Rolex Value over 10-year period

Newport Beach, CA--The gains made in the housing market, precious metals and in the stock market since 2011 have been impressive, but according to Bob's Watches, the world’s largest pre-owned e-commerce retailer of Rolex and luxury watches, the value of several Rolex timepieces have outperformed the value of traditional assets over a ten-year period. 

Bob’s Watches, in a report, says it has compiled 10 years of pre-owned Rolex sales data and has tracked the appreciation of Rolex watches by model compared to the major asset classes: stocks, real estate and gold. Crunching the numbers, it says the results are “staggering.”

Source: Bob's Watches

Rolex, a private Swiss company, doesn't reveal how many pieces it makes per year, but it's estimated that it produces about one million pieces annually. Even a novice watch enthusiast knows the demand for certain Rolex models have wildly outpaced supply, causing prices to skyrocket on the secondary market.

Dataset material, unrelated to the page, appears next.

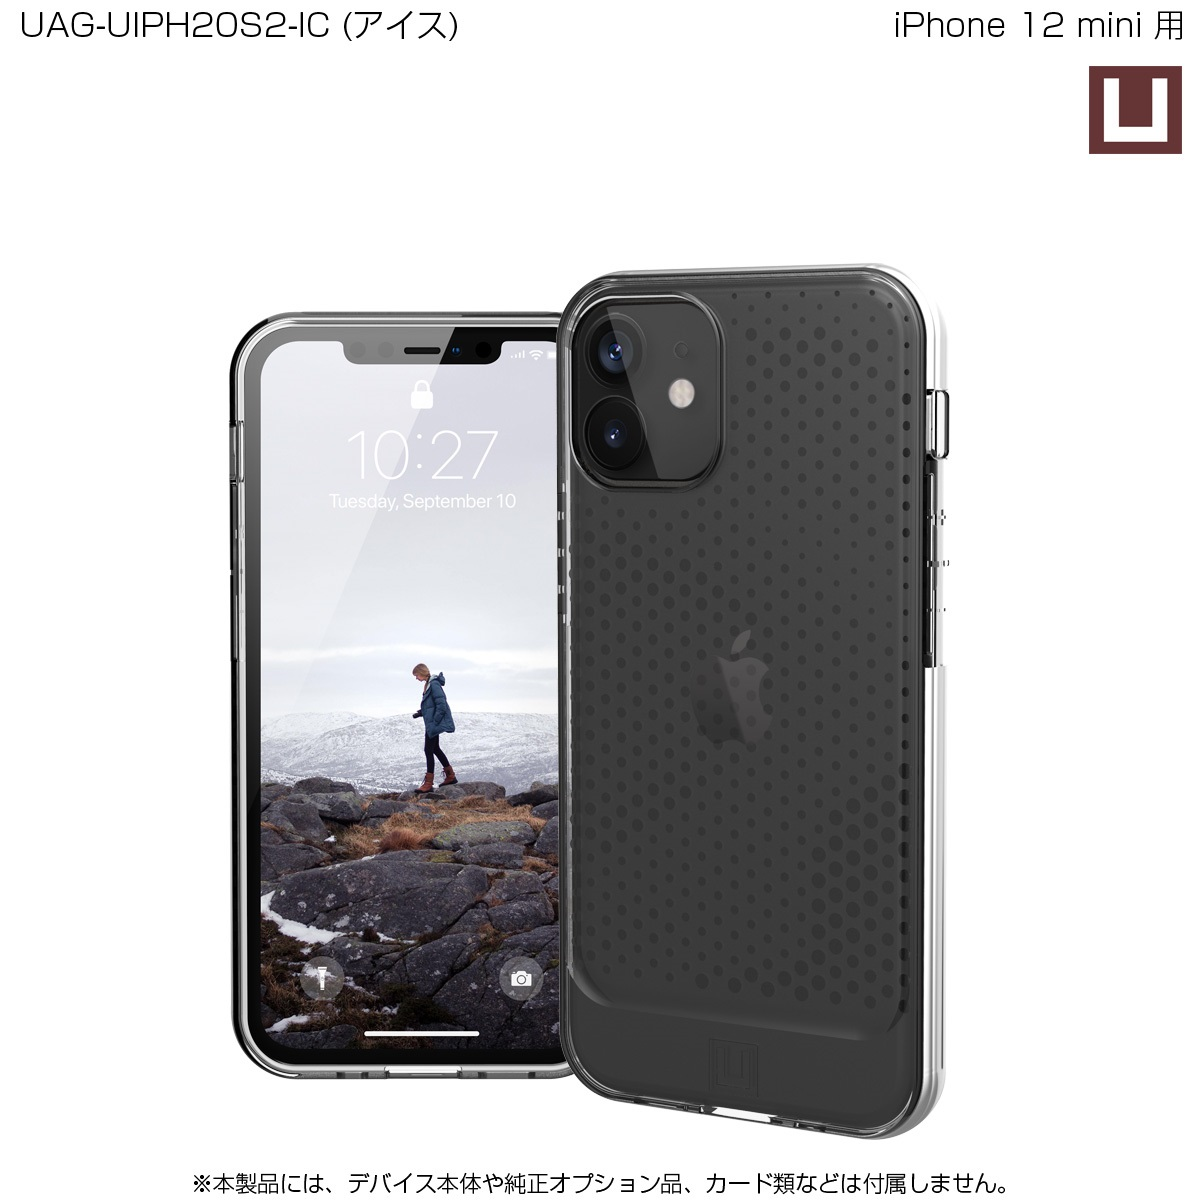 U by UAG iPhone 12 mini用 LUCENTケース 全4色 耐衝撃 UAG-UIPH20S2シリーズ 5.4インチ

From 2011 to 2021, the average price of a used Rolex watch has gone from less than $5,000 in 2011 to more than $13,000 by the end of 2021, according to Bob’s Watches. As staggering as this growth is, the amount that Rolex prices have gone up since the beginning of the pandemic (2020) is nearly equal to the total price increase that can be observed during the entire previous five-year period. 

“This trend shows no signs of slowing,” the watch retailer said in a statement. 

This growth has outpaced the returns of the Dow Jones Industrial Average and gold prices, according to Macrotrends, and median home sales according to U.S. government data. 

Source: Bob's Watches

During this ten-year period, the prices for all Rolex models increased, however, as mentioned, some models have outperformed in the secondary market. Daytona claims the number one spot for the highest appreciating Rolex model, as it has more than tripled in value during the past 10 years, with an average pre-owned price of more than $30,000 for 2021, according to Bob’s Watches data. Meanwhile, the Rolex Day-Date, and Sky-Dweller have more than doubled in price during this same 10-year period. In addition, the relatively new Rolex Sky-Dweller, introduced in 2012, “has achieved its impressive results in even less time than its siblings,” according to the report from Bob Watches. 

The most popular Rolex reference over the past 10 years is the classic stainless steel Submariner 16610, with its two-tone steel and gold sibling, the reference 16613 claiming the number two overall spot. The brand’s various purpose-built sport and tool watches account for eight of the top 15 best-selling Rolex reference numbers of the past 10 years (including the top three positions). 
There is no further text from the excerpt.